Published: January 14th, 2014

DOI:

10.3791/50865

J. Geraldo Valadez¹, Anuraag Sarangi¹, Christopher J. Lundberg¹, Michael K. Cooper^1,2,3

¹Department of Neurology, Vanderbilt University Medical Center, ²Vanderbilt Ingram Cancer Center, Vanderbilt University Medical Center, ³Neurology Service, Veteran Affairs TVHS

I gliomi maligni costituiscono un gruppo eterogeneo di neoplasie gliali altamente infiltrative con caratteristiche cliniche e molecolari distinte. Gli xenoinnesti ortotopici primari ricapitolano le caratteristiche istopatologiche e molecolari dei sottotipi di glioma maligni nei modelli animali preclinici. Per modellare i gliomi maligni di grado III e IV dell'OMS nei test di trapianto, le cellule tumorali umane vengono xenografate in un sito ortotopico, il cervello, di topi immunocompromessi. A differenza degli xenoinnesti secondari che utilizzano cellule tumorali coltivate, le cellule glioma umane vengono dissociate dagli esemplari resected e trapiantate senza passaggio preventivo nella coltura tissutale per generare xenografti primari. La procedura in questo rapporto descrive in dettaglio la preparazione del campione tumorale, il trapianto intracraniale in topi immunocomprosi compromessi, il monitoraggio per l'innesto tumorale e la raccolta del tumore per il successivo passaggio negli animali riceventi o l'analisi. La preparazione delle cellule tumorali richiede 2 ore e la procedura chirurgica richiede 20 min / animale.

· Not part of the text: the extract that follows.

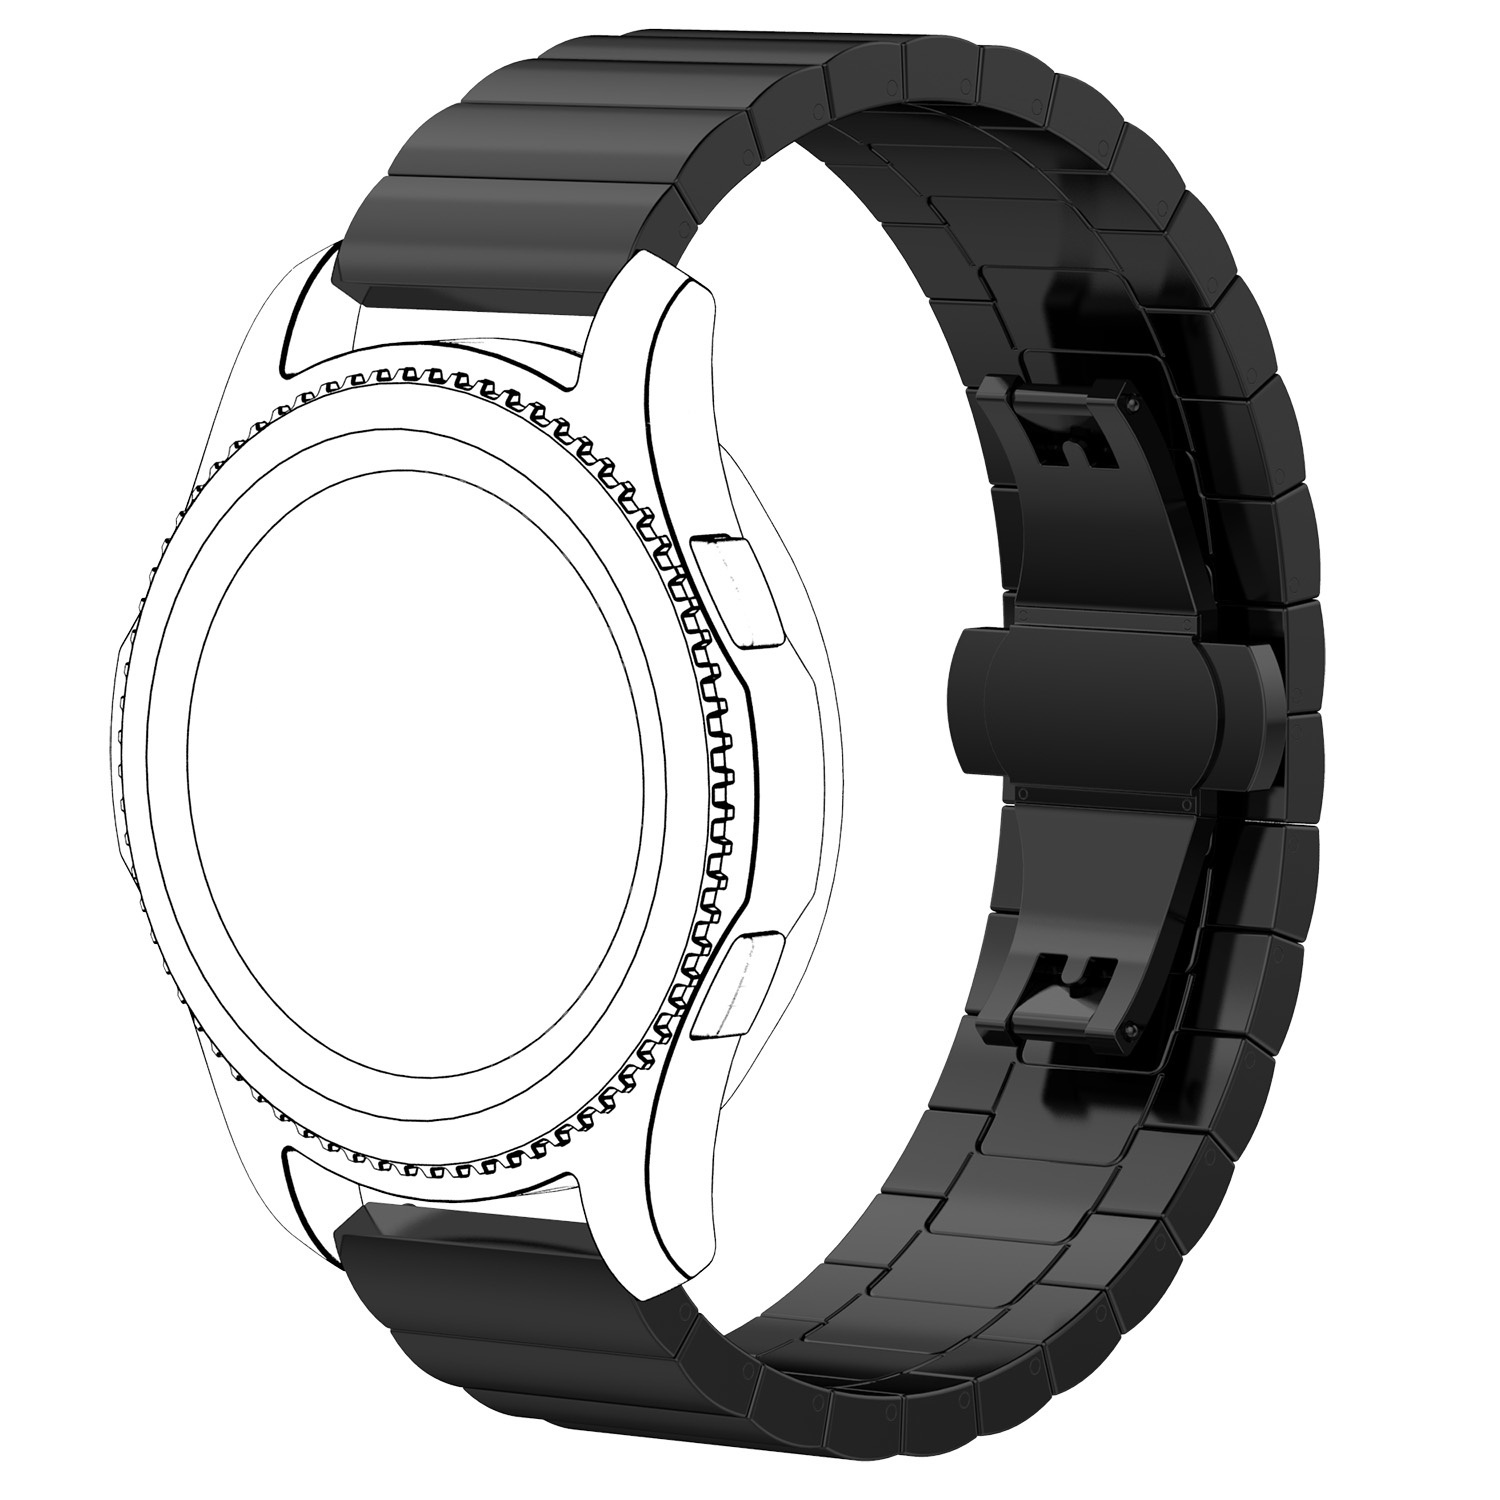 Cinturino a maglie per Samsung Galaxy Watch - nero

I gliomi maligni sono tumori gliali primari del sistema nervoso centrale che si verificano nel cervello e occasionalmente nel midollo spinale. I gliomi sono classificati dall'Organizzazione Mondiale della Sanità (OMS) in base alla somiglianza istologica con astrociti, oligodendrociti o cellule ependimali e quindi classificati numericamente (da I a IV) per caratteristiche patologiche di malignità. I sottotipi istologici più comuni sono astrocitomi, oligodendrogliomi e oligoastrocitomi misti. I gliomi maligni che comprendono i gradi da II a IV dell'OMS sono caratterizzati da crescita invasiva e recalcitranza alle terapie attuali. Ogni anno negli Stati Uniti, a circa 15.....

1. Preparazione della sospensione delle cellule tumorali

Nota: Sono necessarie adeguate approvazioni istituzionali per l'uso di materiale paziente e animali per stabilire e mantenere gli xenografti di glioma ortotopici primari. Al Vanderbilt University Medical Center, il materiale tumorale reinsediato che è superiore a quello richiesto per scopi diagnostici viene raccolto con il consenso del paziente per un deposito di tessuti di ricerca. I campioni sono etichettati con un num.......

Le cellule di glioma dissociate vengono trapiantate direttamente nel cervello di topi immunocompromessi per ottenere linee primarie di xenograft ortotopico. Ad ogni campione tumorale viene assegnato un numero randomizzato prima del trapianto, come parte del processo di deidentificazione per rimuovere le informazioni sanitarie protette. A tale scopo utilizziamo un numero di database REDcap a 5 cifre. La figura 1 illustra il processo e la nomenclatura per stabilire una linea di xenograft da un glioblastoma.......

Linee cellulari coltivate, xenografti e topi geneticamente modificati sono i metodi più comuni per modellare i gliomi e ci sono benefici e limitazioni distinti per ogni sistema^{modello 3,13,14}. I benefici rilevanti degli xenografti di glioma ortotopico primario includono la crescita infiltrativa che caratterizza i gliomi diffusi e la ritenzione di alterazioni genetiche e importanti meccanismi di segnalazione che possono essere estremamente difficili da mantenere nelle cellule di glioma coltivate. Ad esempio, <.......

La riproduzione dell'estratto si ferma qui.